BEGIN Data
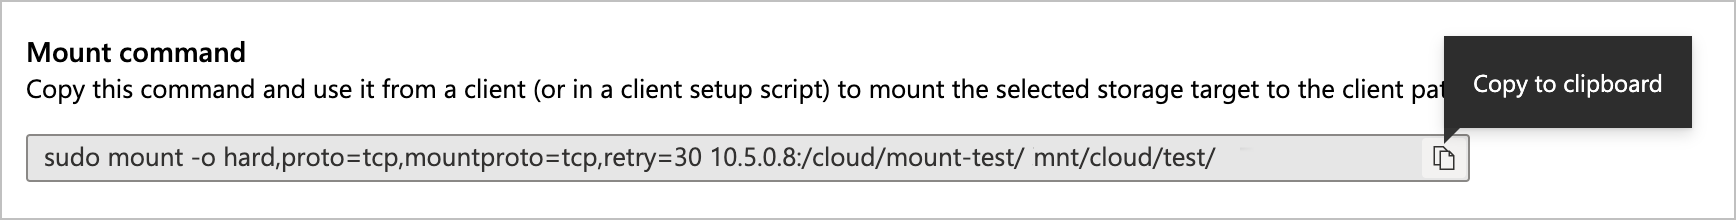 screenshot of the prototype mount command field, showing hover text for the "copy to clipboard" button
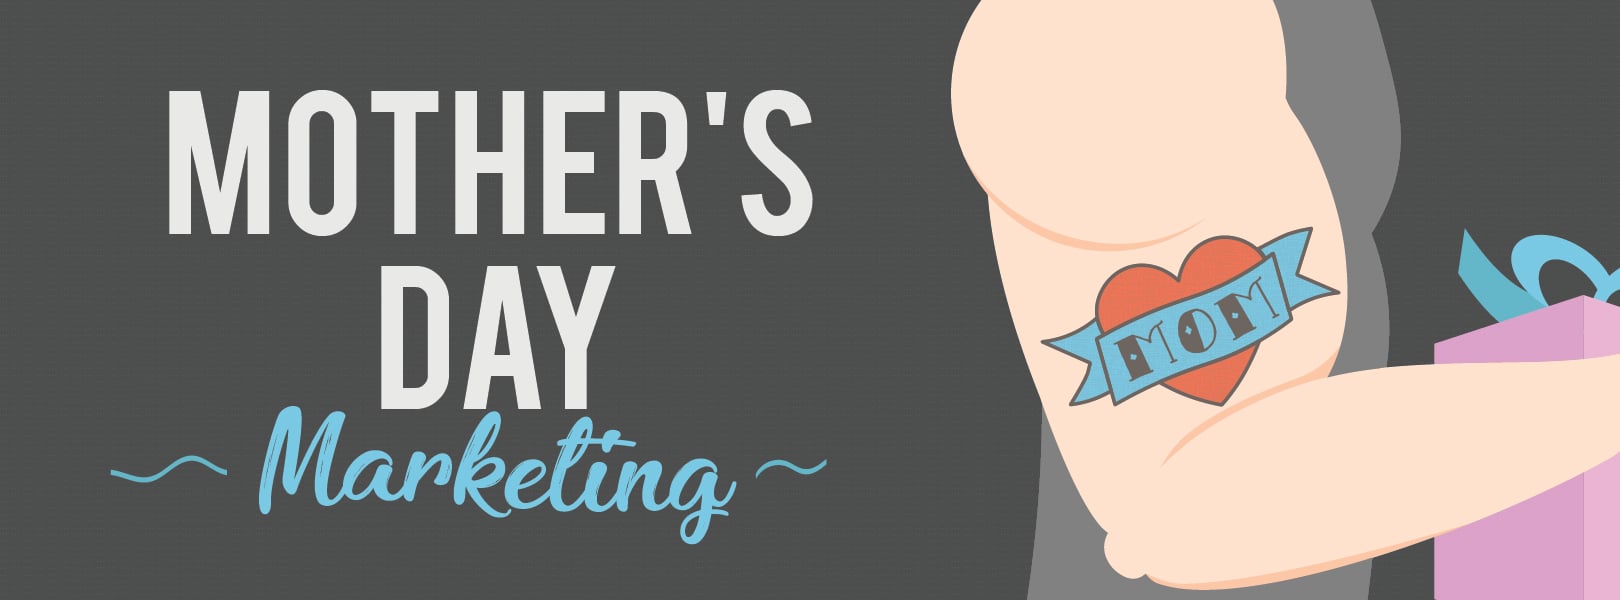 Mother’s Day: Set Your Store Up for More Sales
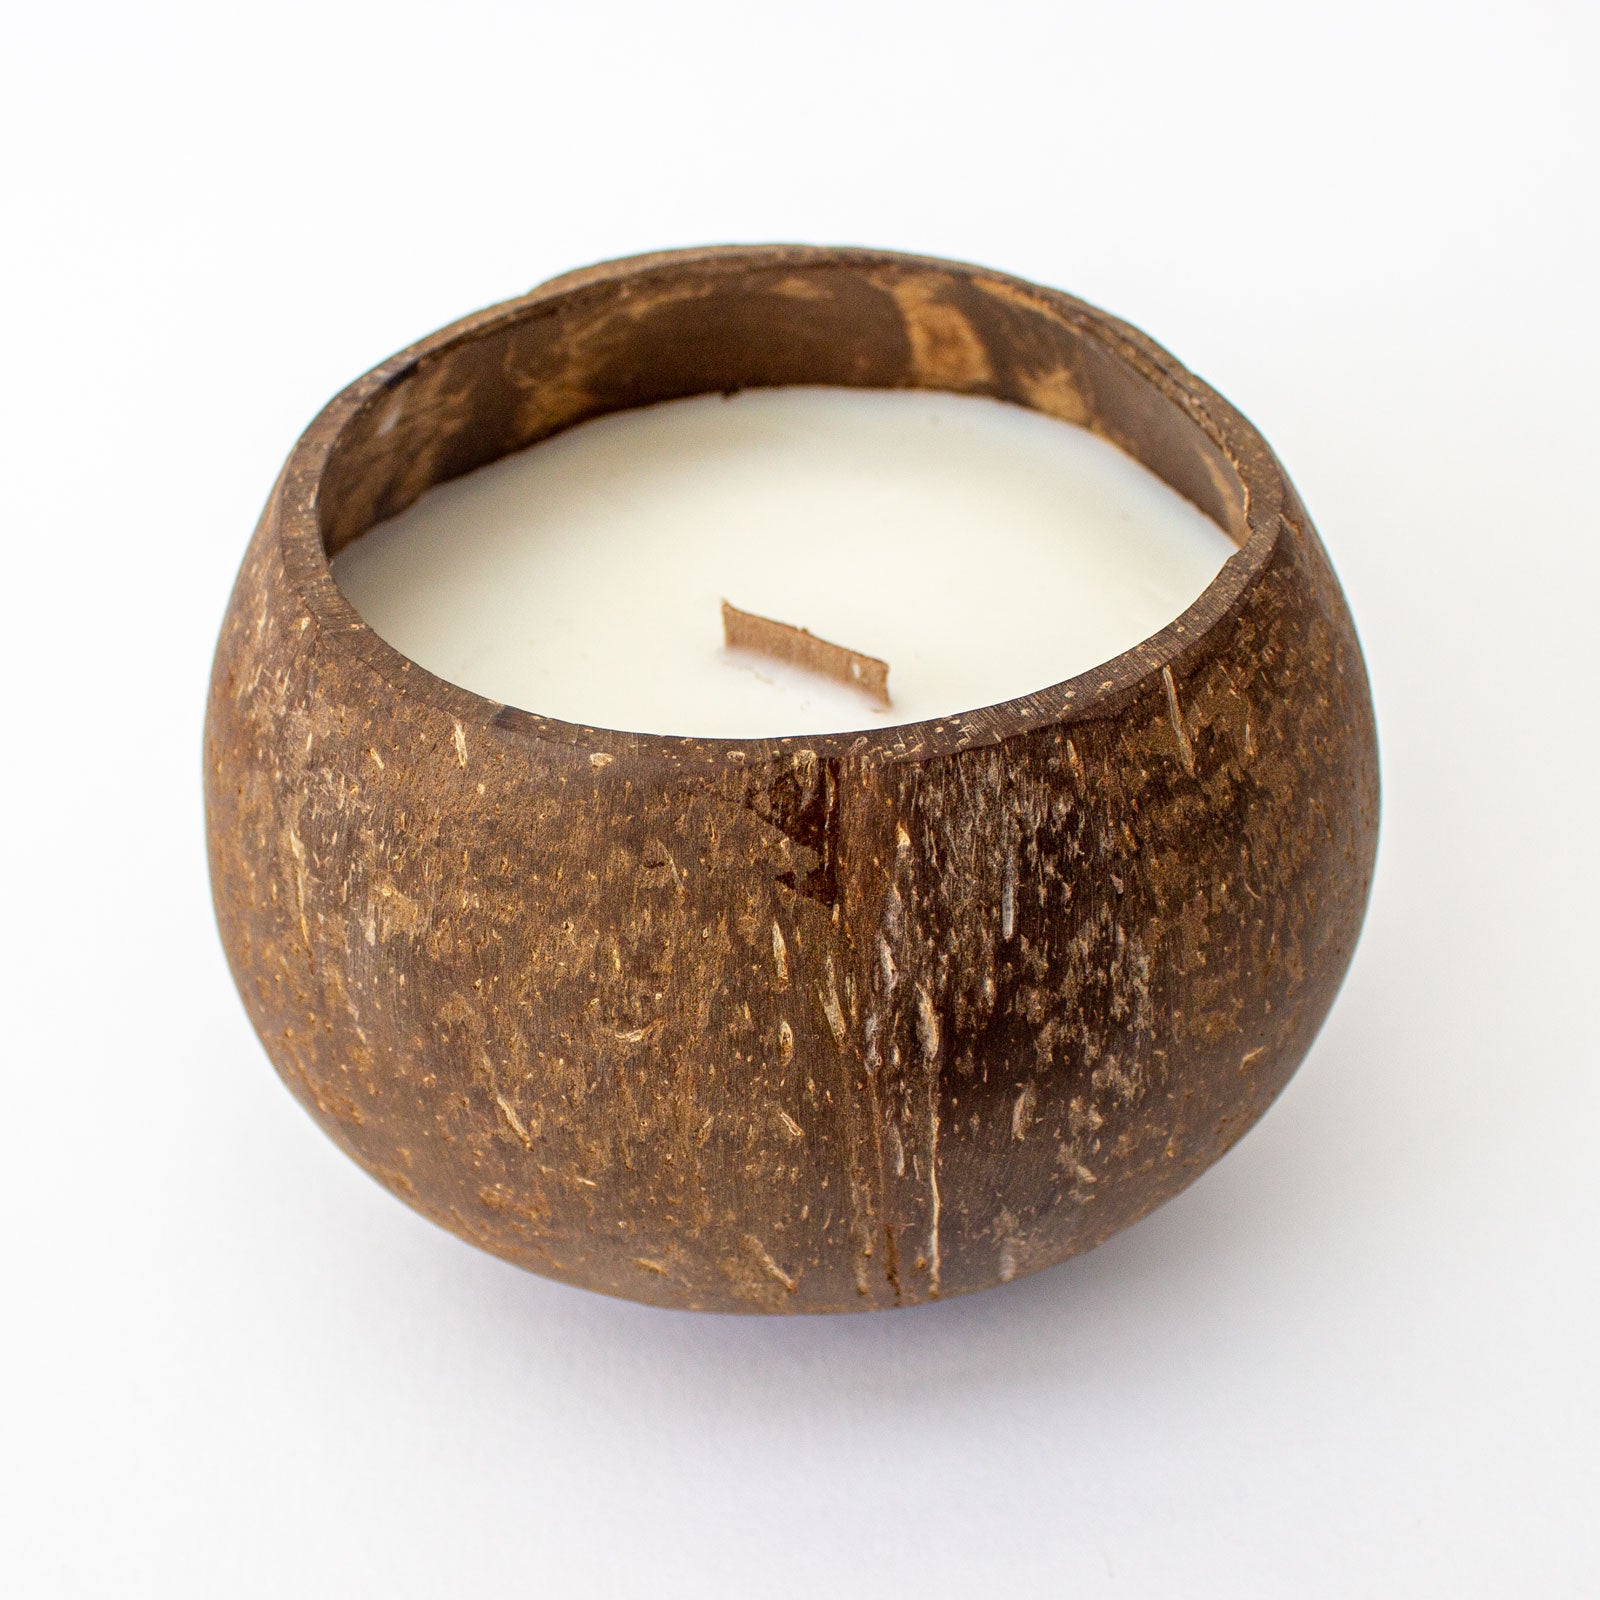 No.1 GRAN - Toasted Coconut Bowl Candle – Soy Wax - Gift Present
END Data
*What is expected:*
When you reproduce the data shown above, keep each line exact and omit every picture.

*Problem solution:*
 screenshot of the prototype mount command field, showing hover text for the "copy to clipboard" button
 Mother’s Day: Set Your Store Up for More Sales
 No.1 GRAN - Toasted Coconut Bowl Candle – Soy Wax - Gift Present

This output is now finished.